▸ Prompt
Everything in the data gets repeated exactly, except for the pictures.
(Supplied data)
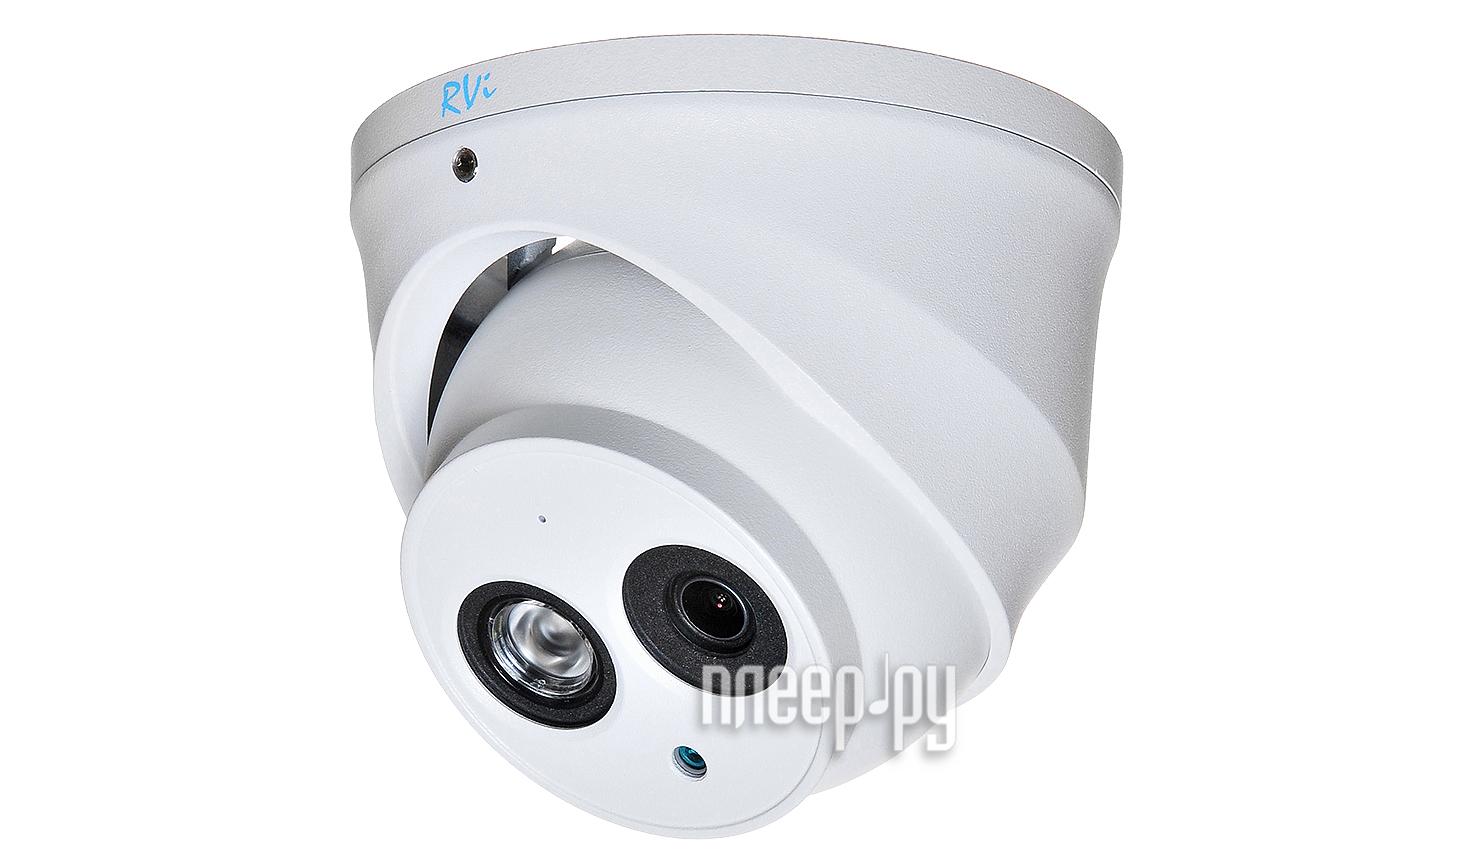 IP камера RVi RVi-IPC34VD 2.8mm
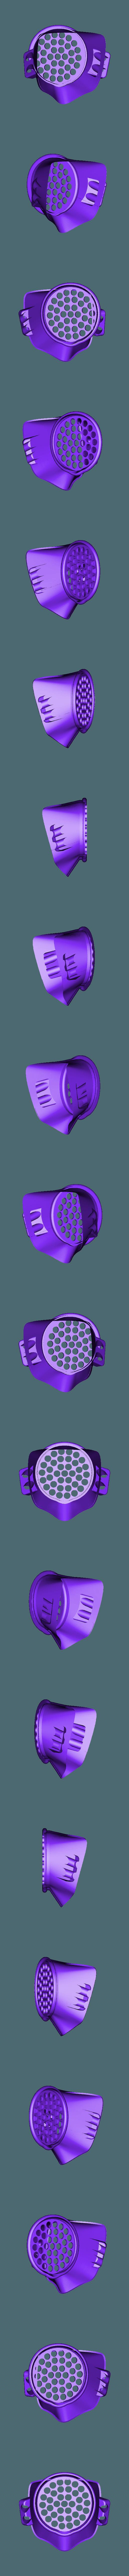 size1.stl Download free STL file COVİD 19 MASK ! • 3D printing design, pypltrkndlk
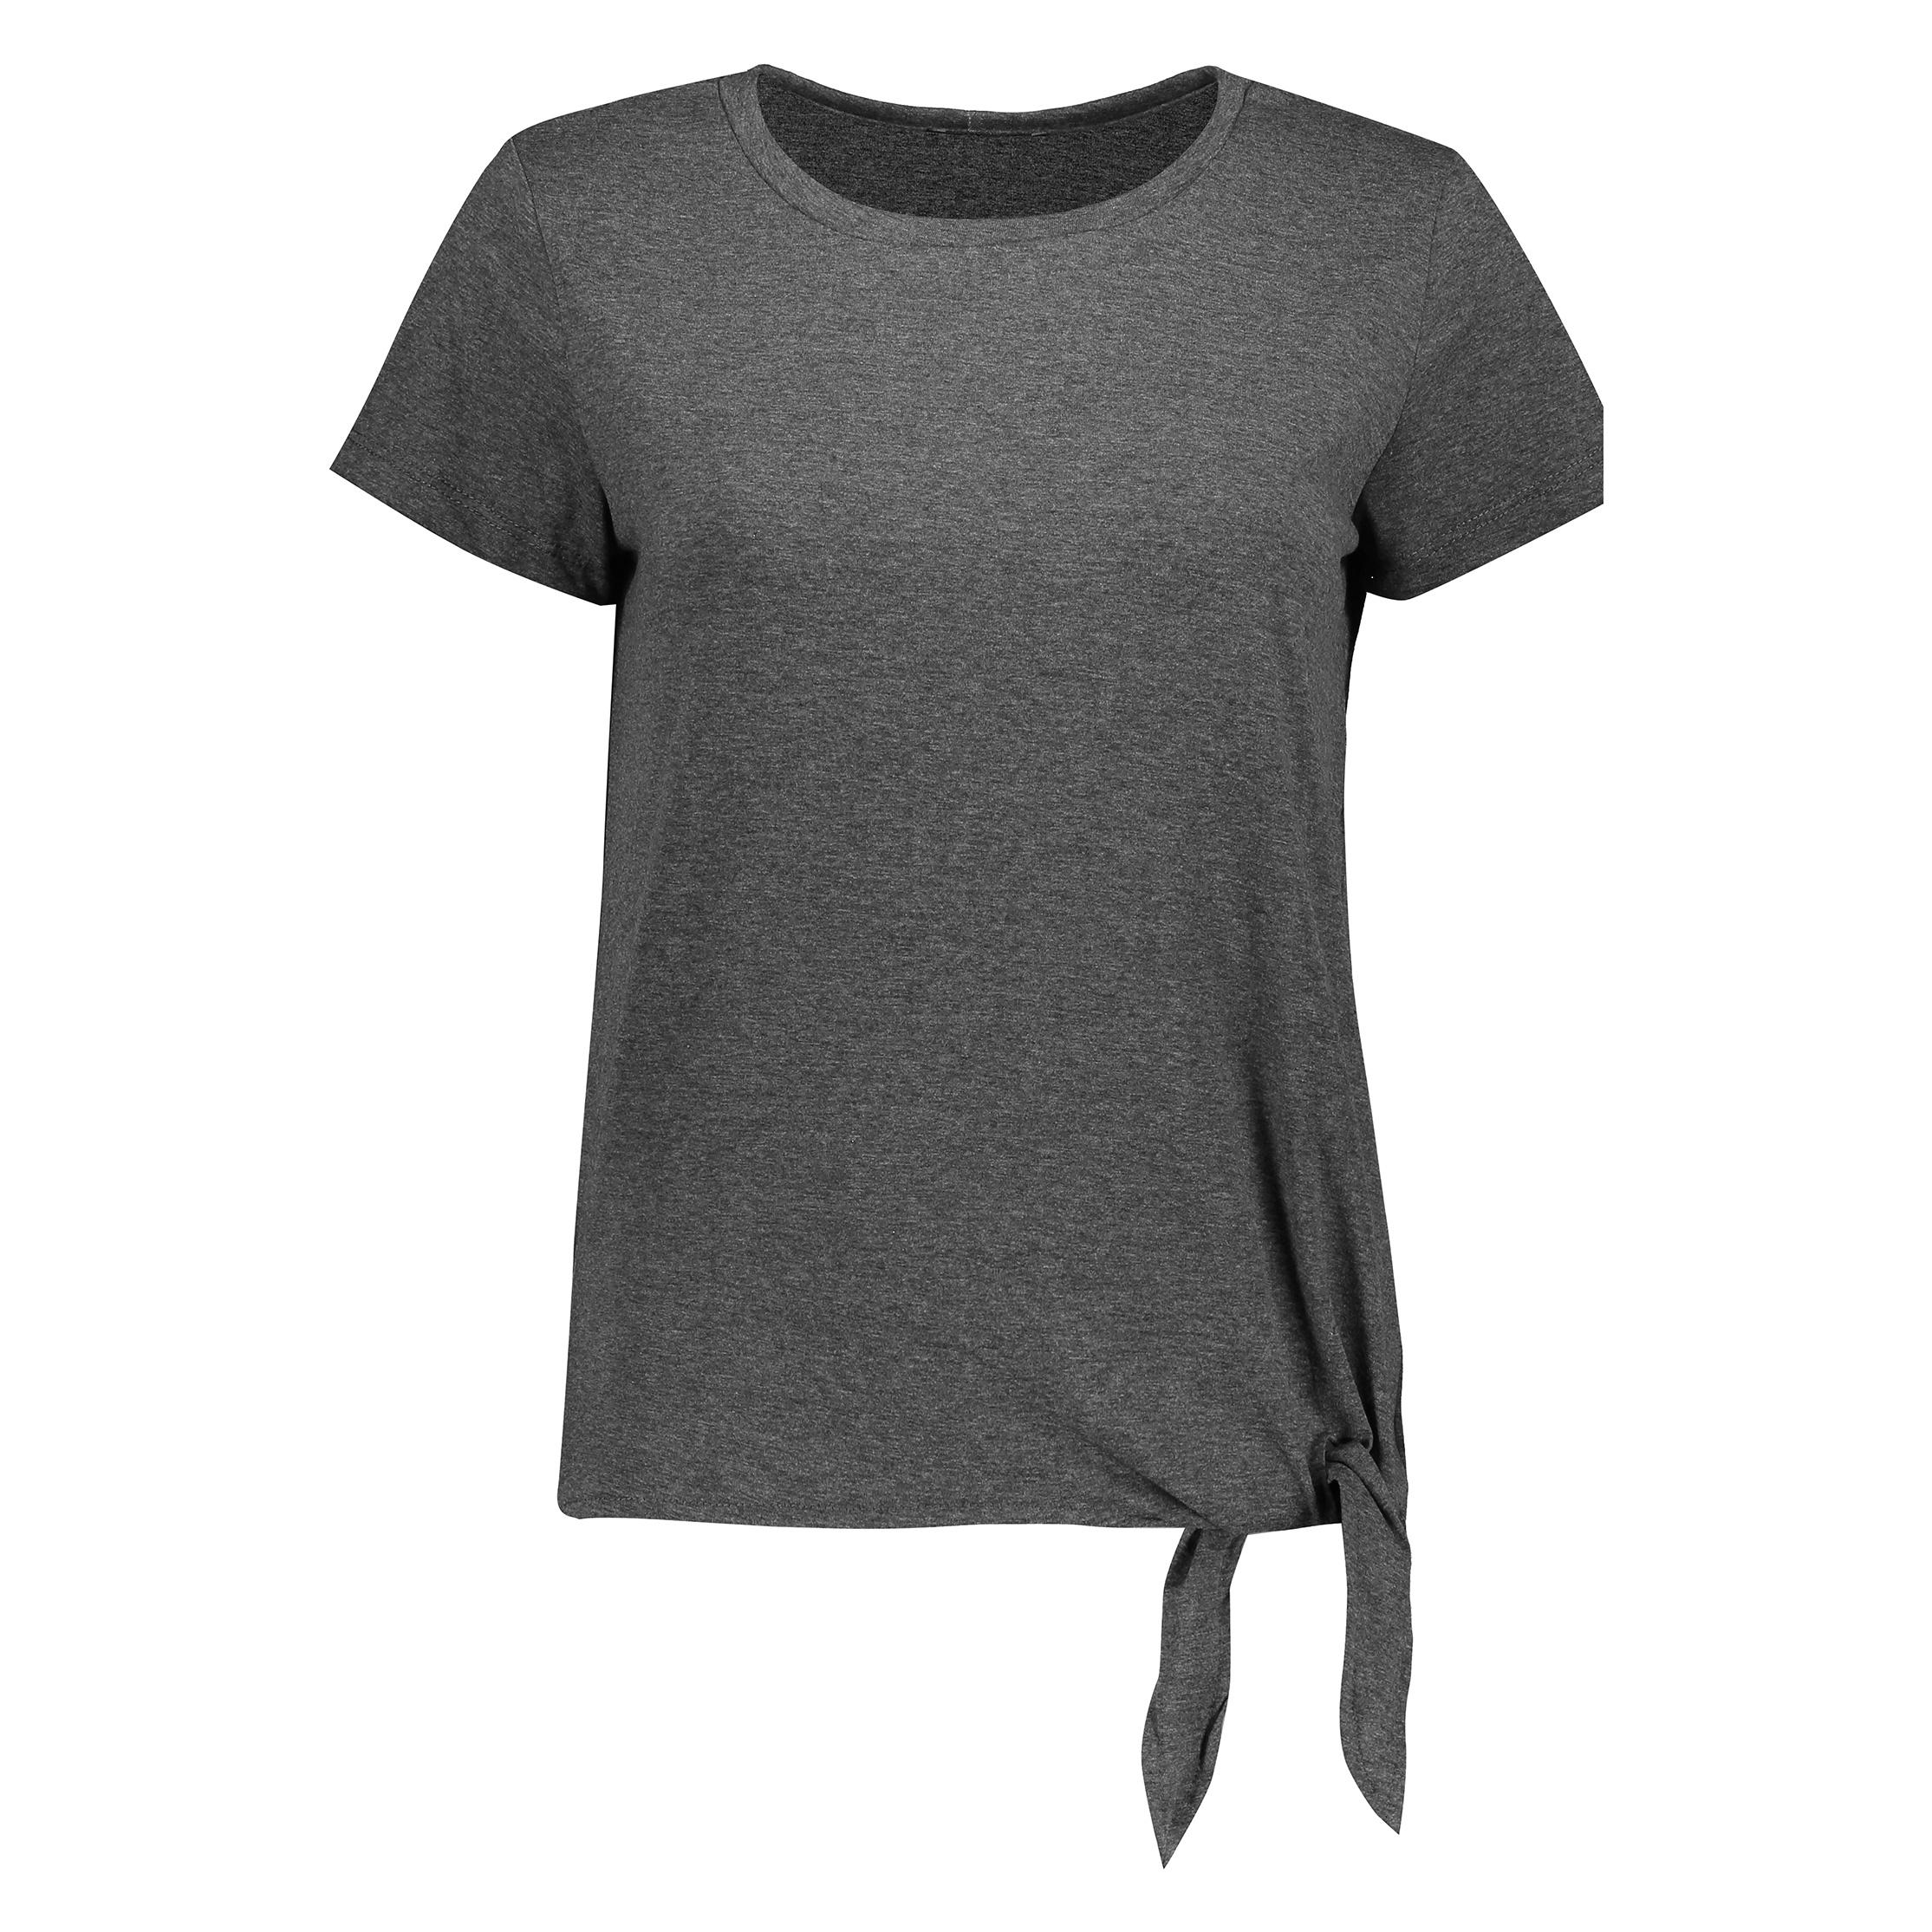 تی شرت زنانه آر ان اس مدل 1102066-94
(End Supplied data)
▸ Result of the task
 IP камера RVi RVi-IPC34VD 2.8mm
 size1.stl Download free STL file COVİD 19 MASK ! • 3D printing design, pypltrkndlk
 تی شرت زنانه آر ان اس مدل 1102066-94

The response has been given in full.